Отто Штраус не употреблял ни алкоголя, ни наркотиков. В роду у него не было слабоумных, шизофреников, психопатов. Он прилично знал психиатрию, пытался проанализировать с научных позиций то, что с ним происходит, но натыкался на логические тупики. Допустим, голос русского летчика был всего лишь слуховой галлюцинацией. Даже у совершенно здоровых людей случаются галлюцинации от переутомления и недостатка сна. Но воображаемые голоса должны говорить на знакомом языке. Отто Штраус не знал русского. Почему, пока стрелки его часов застывали на двенадцати, он понимал каждое слово?
Позже, на следующий день, он нарочно попросил одного из лагерных переводчиков прочитать ему страницу текста по-русски. И ничего не понял. Между прочим, текст этот являлся письмом, которое нашли в планшете летчика, пятого испытуемого. Переводчик перевел все дословно. Письмо было от жены летчика. Ее звали Ольга.
Она писала, в частности, об их маленьком сыне, и переводчик несколько раз повторил непривычное для немецкого уха имя: Сережа. Все совпадало. Отто Штраус не понимал, почему, зачем, откуда он знает и чувствует нечто чуждое ему и что происходит с часами? Их смотрел часовщик. Швейцарский механизм работал исправно и надежно. Получалось, что часы добросовестно показывали не только время, но и отсутствие времени, дыры в нем? Ну что ж, можно допустить и такое. Интеллект доктора Штрауса так упорно работал над проблемой продления жизни, что в неясной субстанции времени протерлась дыра, и сквозь нее тянуло сквознячком, ледяным и враждебным.
«Не исключено, что содержание представления само по себе имеет такую же ценность действительности и может проецироваться вовне, как и содержание восприятия». Эта цитата из учебника психиатрии, из раздела «галлюцинации», всплыла в мозгу генерала и зависла, переливаясь тусклыми гранями. Получалось, что вечность, в том виде, в котором мог представить ее себе Отто Штраус, стала явью и вступила с ним в странный, гипнотический диалог.
«Убийца. Ублюдок. Тебя нет».
Отто Штраус не слышал этого. Он это думал, причем думал по-русски. Он сидел за столом, продолжая писать отчет, но рука ныла все отчетливей. Пульсировал палец, на котором был перстень. Дрожали стрелки часов, не только наручных, но и тех, что стояли на каминной полке. Дрожали веки генерала. От ледяного сквознячка ярче вспыхнул огонь в камине.
На расстоянии шестидесяти лет и пары тысяч километров девочка Василиса открыла глаза и увидела, как плывут за окном машины в сизом вечернем мареве знакомые московские улицы.
* * *— Ни в коем случае нельзя туда возвращаться, — ворчал Дмитриев, — эта женщина не врач, она монстр какой-то. Подумать только — не отдавать родному деду внучку! Да по какому праву? Там у них что, тюрьма? Колония для малолетних преступников? Хорошо, что вы были рядом, Машенька, и все уладили, Кстати, как вам это удалось?

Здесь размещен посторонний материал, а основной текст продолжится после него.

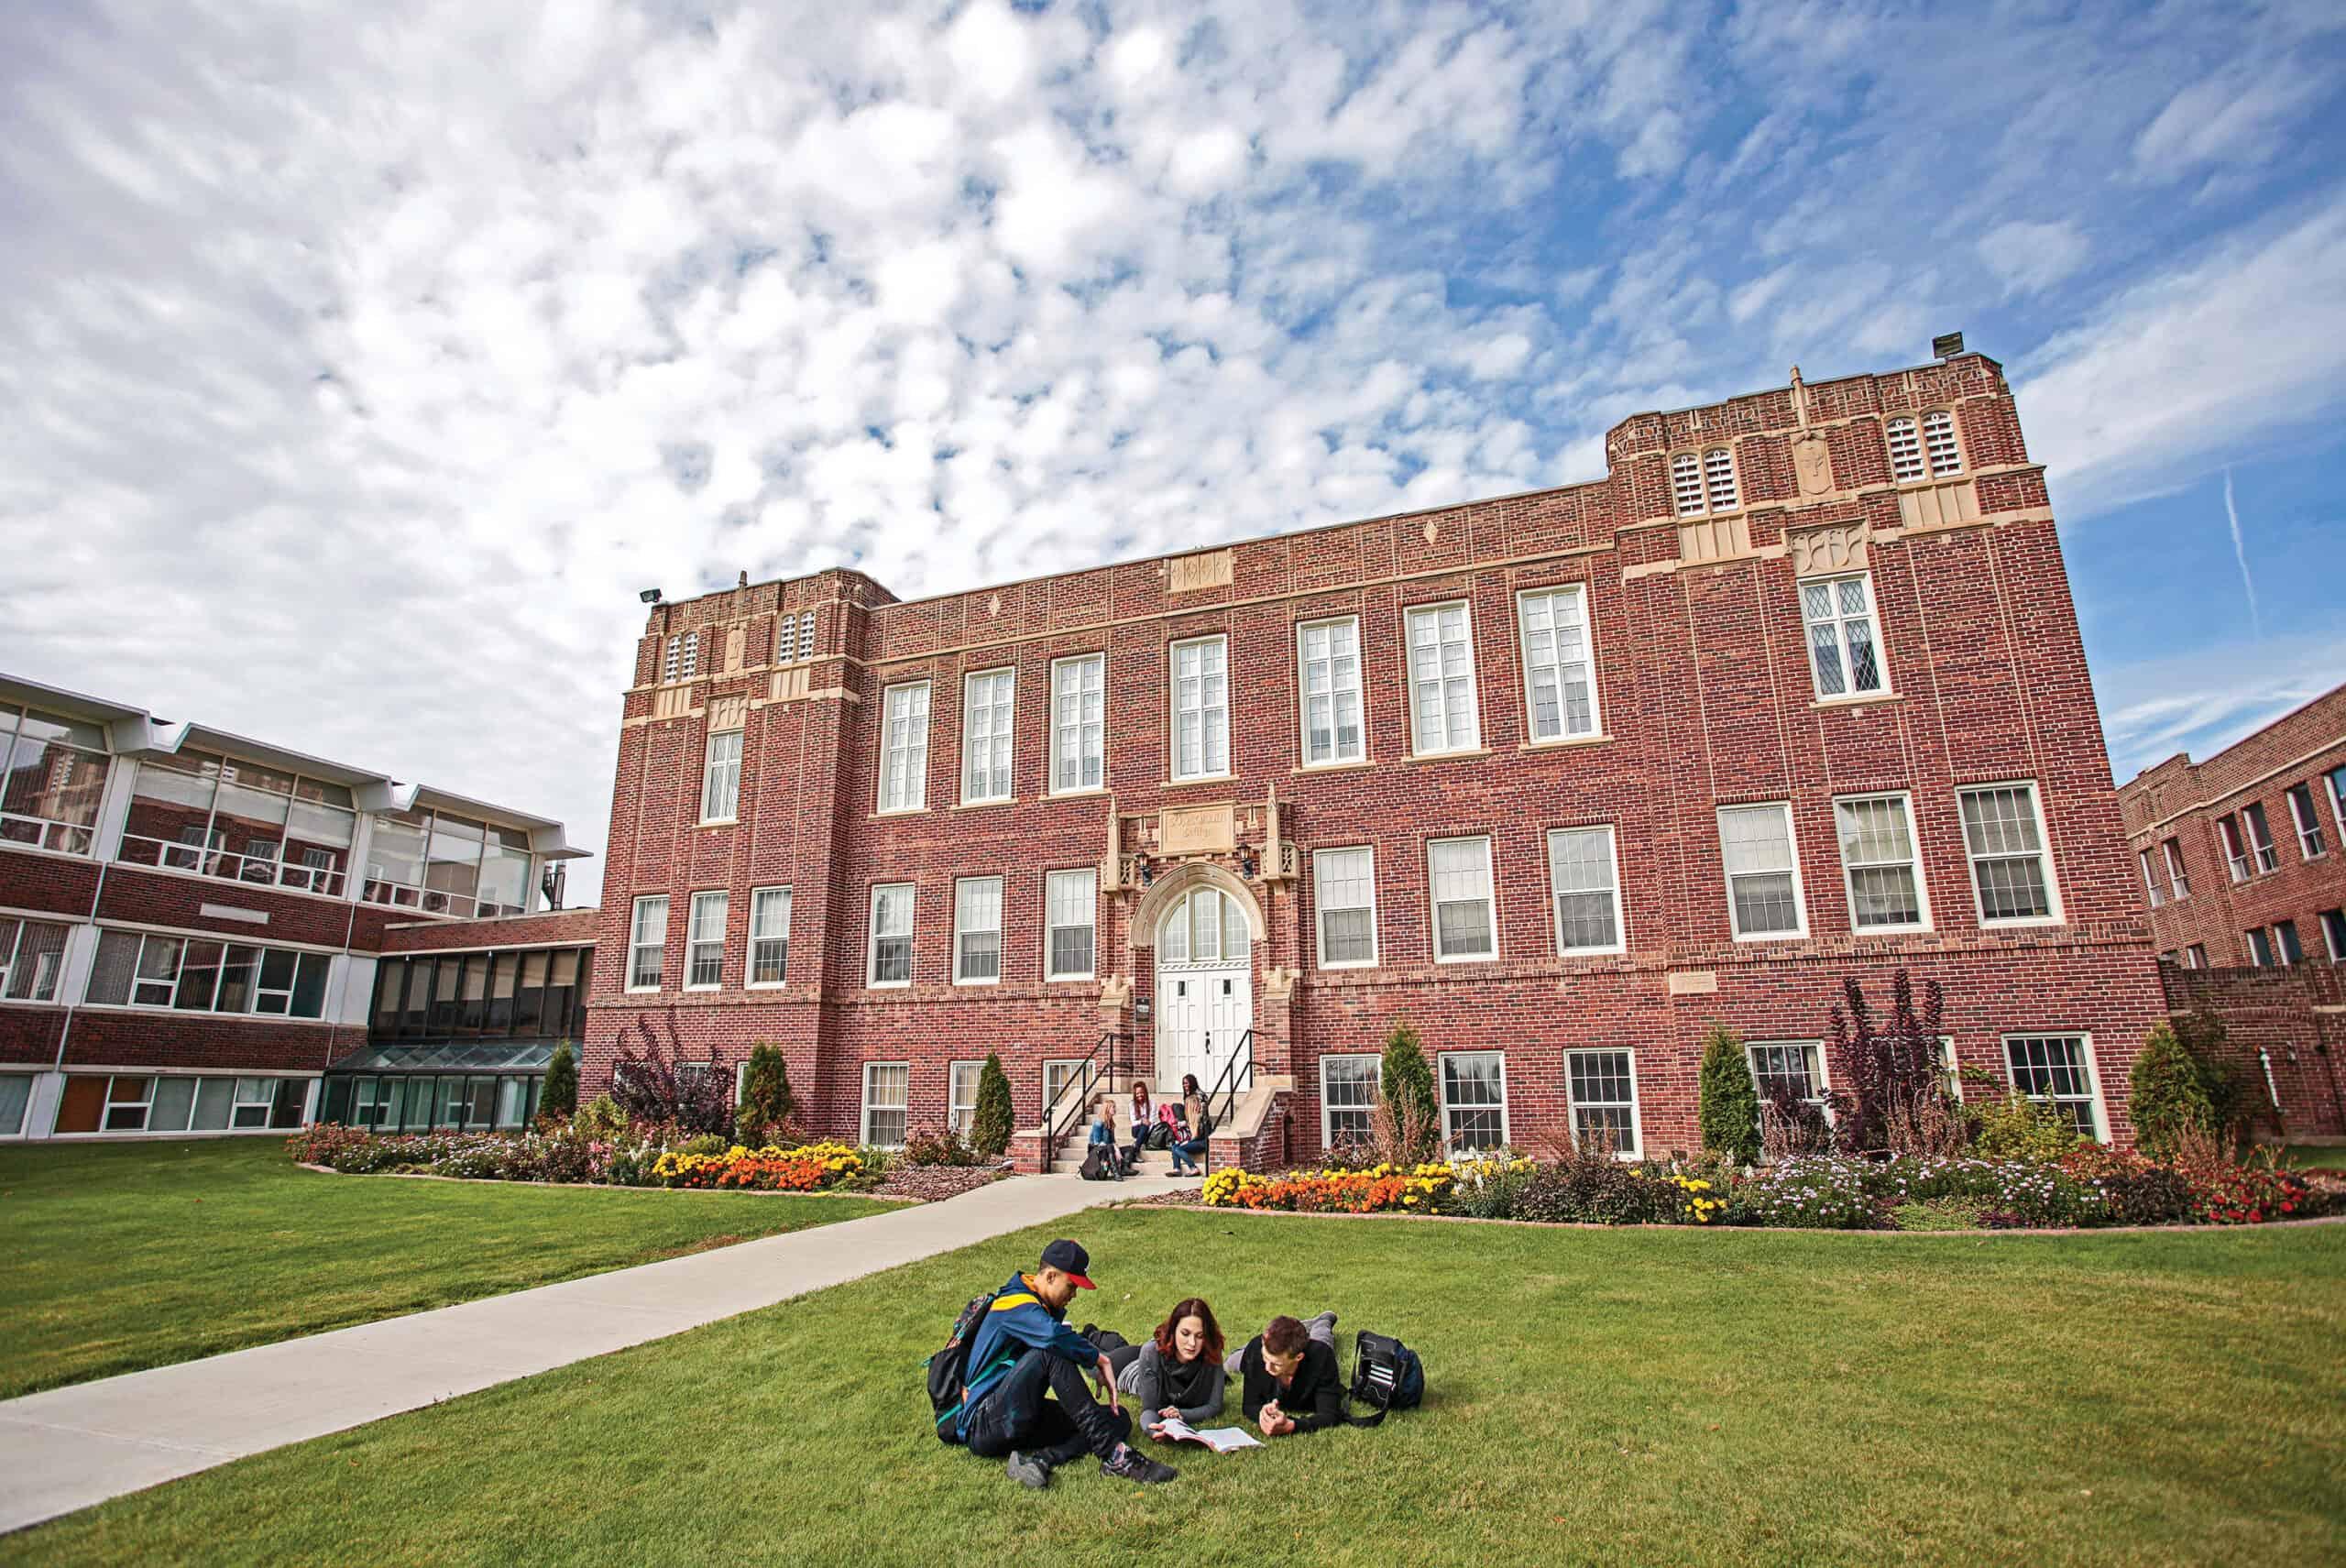 Students on Concordia University of Edmonton campus

— А как вы думаете? — хмыкнула Маша.
— Ох, я старый дурак! — Дмитриев хлопнул себя по лбу. — Как же я сразу не догадался? Сколько я вам должен?
— Пятьдесят долларов.
— Ого, у доктора неплохие аппетиты, — Дмитриев принялся рыться в карманах, — вот, беда, ужасно неудобно, у меня с собой только сто рублей.
— Да ладно вам, Сергей Павлович, как-нибудь потом вернете. А насчет аппетитов — все вполне понятно. Нельзя ее за это судить. Она получает копейки, работает сутками, ответственность колоссальная, постоянные стрессы, нервные перегрузки.
— Мы все так живем, — проворчал Дмитриев, — впрочем, и взятки тоже все берем, не краснея. Кому дают, конечно.
Маша подъехала к воротам больницы и вспомнила, что ей надо позвонить Рязанцеву. Телефон оказался выключенным. Она забыла заблокировать клавиатуру. Стоило включить — он тут же затренькал.
— Здравствуйте, — произнес в трубке низкий мужской голос, — здравствуйте, Мери Григ.
— Арсеньев! — обрадовалась Маша, мгновенно узнав его — Саня Арсеньев!
— Маша, это вы были в черно-сером «Форде» на Шереметьевской улице? Я вам сигналил.
— Да. Я только потом поняла, что это были вы, в синем «Опеле».
— Где вы сейчас, Маша?
— В больнице. То есть только что выехала из ворот больницы.
— Что случилось?
В голосе его прозвучала такая искренняя тревога, что Маша смутилась. Здесь, в Москве, никто не беспокоился, где она, что с ней может случиться. Собственно, на всем белом свете никто, кроме ее отца, всерьез об этом никогда не беспокоился.
— Со мной все в порядке. Просто пришлось отвезти дедушку к внучке. Я вам потом расскажу. Как у вас дела?
Она не ожидала, что так обрадуется Арсеньеву. Не то чтобы она совсем забыла его, просто старалась забыть. Ни к чему это все. Два года назад она прекрасно понимала, что нравилась ему. Надо быть совсем уж бесчувственной дурой, совсем не женщиной, чтобы не замечать такие вещи. Он ей тоже нравился, с ним было легко молчать. Говорить легко не с каждым, но со многими. А молчать — почти ни с кем. Всегда хочется как-то заполнить паузу. Да, пожалуй, Арсеньев даже слишком ей нравился, чтобы позволить себе помнить о нем все эти два года. Ведь это был тупик.
— Тупик, верно? — говорила она себе, встречаясь в Нью-Йорке дважды в неделю со своим замечательным, положительным во всех отношениях бой-френдом Диком.
— Тупик, — объяснила она отцу, когда он стал расспрашивать ее о милицейском майоре, с которым она сидела в ресторане в тот проклятый вечер, когда с ней вышел на контакт генерал Кумарин.
«Тупик», — повторила она сейчас, сворачивая с Садового кольца на улицу Красина, слушая, как дышит Арсеньев в трубку, как на заднем сиденье старик Дмитриев что-то нежно шепчет своей внучке.
— У меня все неплохо. Переехал в новую квартиру, — сказал Саня.
— Поздравляю.
— Спасибо, — он помолчал несколько секунд и вдруг выпалил: — Маша, я бы хотел с вами увидеться. Нет, я понимаю, сейчас поздно, вы очень заняты…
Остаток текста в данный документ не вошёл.